Task suites (model = transcriber / sound-event identifier):

Suite	Purpose	Headline metric
`ab/asr-robust`	Speech recognition under perturbations (`clean`, noise, bandlimit, reverb)	`weighted_mean_wer` (lower is better)
`ab/asr-hallucination`	Non-speech ASR hallucination stress test (`silence`, `music`, `noise`) with statistical findings	`weighted_hallucination_rate` (lower is better) + finding validation status
`ab/sound-id`	Sound-event identification on labeled mixtures	`weighted_recall` (higher is better) + `weighted_fpr` (lower is better)

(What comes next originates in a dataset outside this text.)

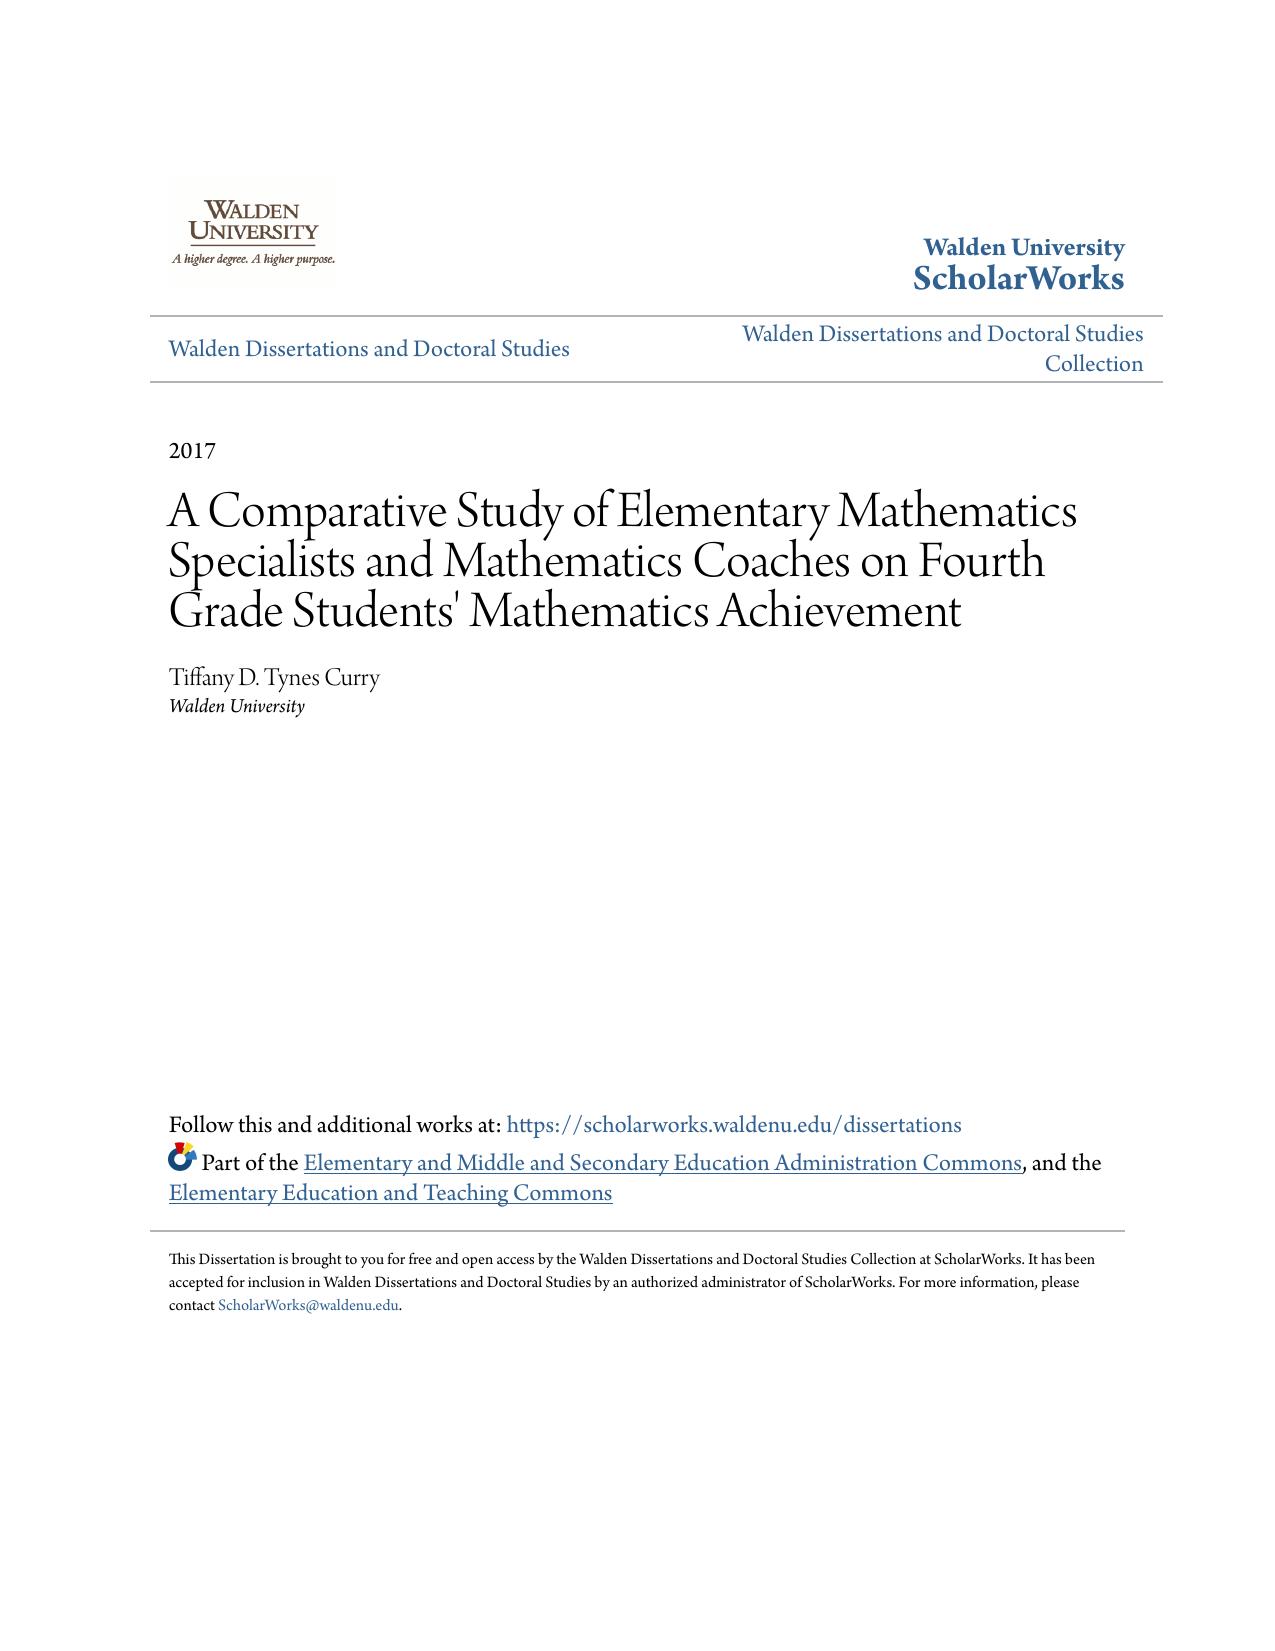 A Comparative Study of Elementary Mathematics Specialists and Mathematics Coaches on Fourth Grade Students' Mathematics Achievement
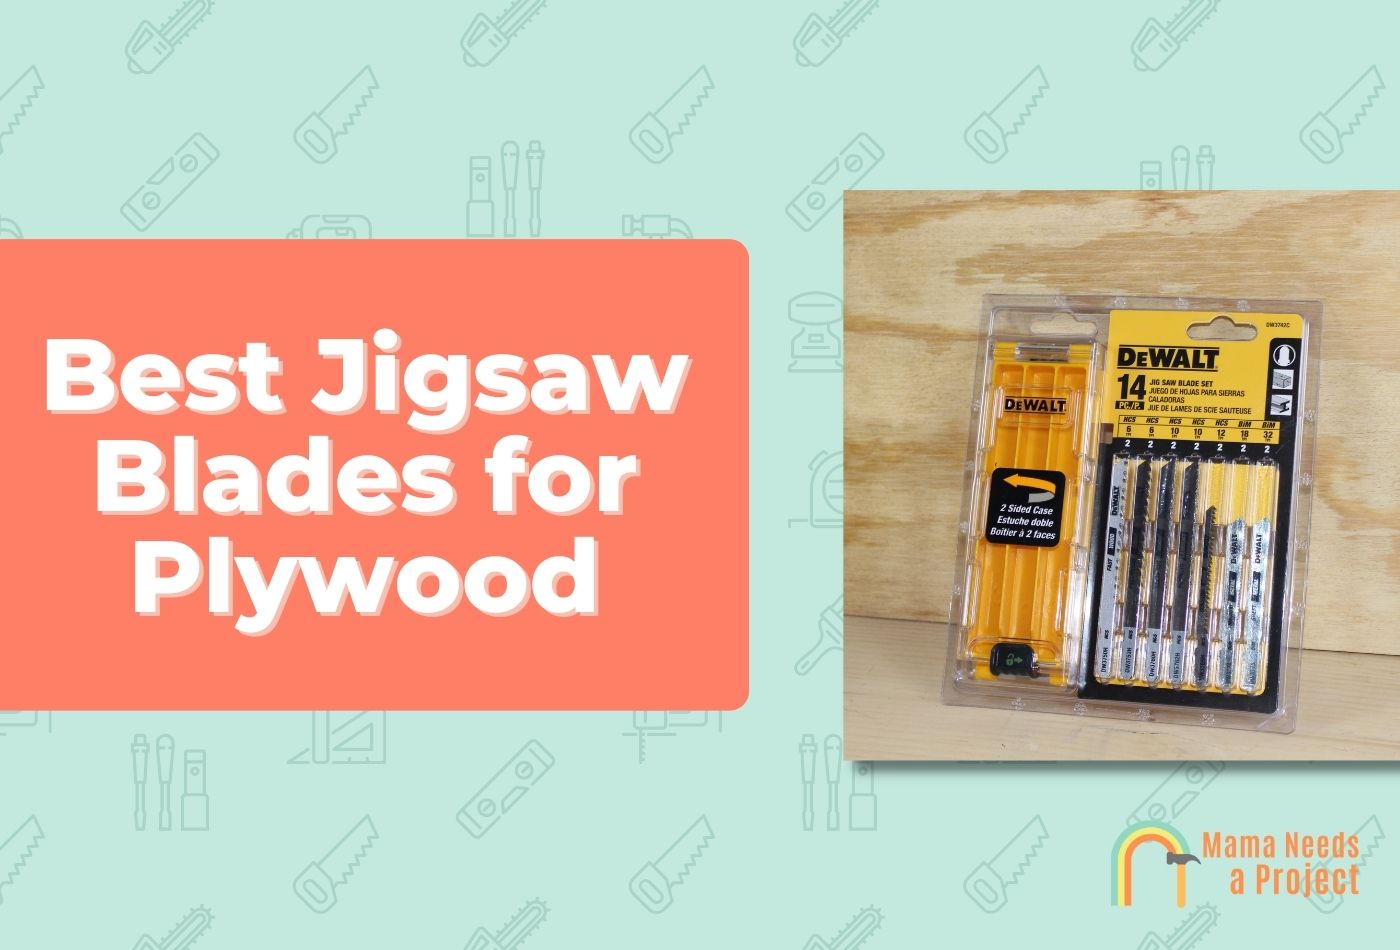 Best Jigsaw Blades for Plywood

Signal suites (model = AudioProcessor adapter that takes (audio, sr) and returns processed audio):

Suite	Purpose	Headline metric
`ab/fidelity-roundtrip`	Audio fidelity under round-trip (procedural sweep, noise, impulses, low-level + near-clip tones; identity / band-limit / +3 dB conditions)	`weighted_si_sdr_db` (higher is better), `max_true_peak_dbtp` (lower is better)
`ab/psychoacoustic-masking`	Whether the processor preserves audible tones and leaves masked tones masked (tone-in-noise fixtures)	`masking_respect_score` (higher is better)
`ab/phase-coherence`	Stereo polarity, inter-channel correlation, M/S round-trip, sub-sample delay preservation	`phase_coherence_score`, `mean_polarity_score` (both higher is better)

Temporal task suites (frame-level scoring with IoU-matched events or Hungarian-aligned speakers):

Suite	Purpose	Headline metric
`ab/sed-urban`	Sound event detection on labeled urban-noise soundscapes (sirens, dog barks, alarms, engines, glass)	`event_f1_iou50` (higher is better), `segment_f1_1s` (higher is better)
`ab/diarization-cw`	Speaker diarization on procedural conversations (DER decomposed into miss / FA / confusion with 0.25 s collar)	`der` (lower is better), `mean_speaker_count_error` (lower is better)

Run each suite quickly:

audiobench run ab/asr-robust --model whisper-tiny
audiobench run ab/asr-hallucination --model whisper-tiny
audiobench run ab/sound-id --model heuristic-v0

audiobench run ab/fidelity-roundtrip      --model passthrough
audiobench run ab/psychoacoustic-masking  --model passthrough
audiobench run ab/phase-coherence         --model passthrough

audiobench run ab/sed-urban       --model oracle-sed
audiobench run ab/diarization-cw  --model oracle-diarization

The signal suites ship three reference adapters out of the box:

passthrough — identity (the upper bound; should pass every check).
passthrough-quantize8 — 8-bit quantizer (visibly degrades fidelity, useful as a regression demo).
polarity-flip-right — flips the right channel polarity (fails phase coherence on purpose).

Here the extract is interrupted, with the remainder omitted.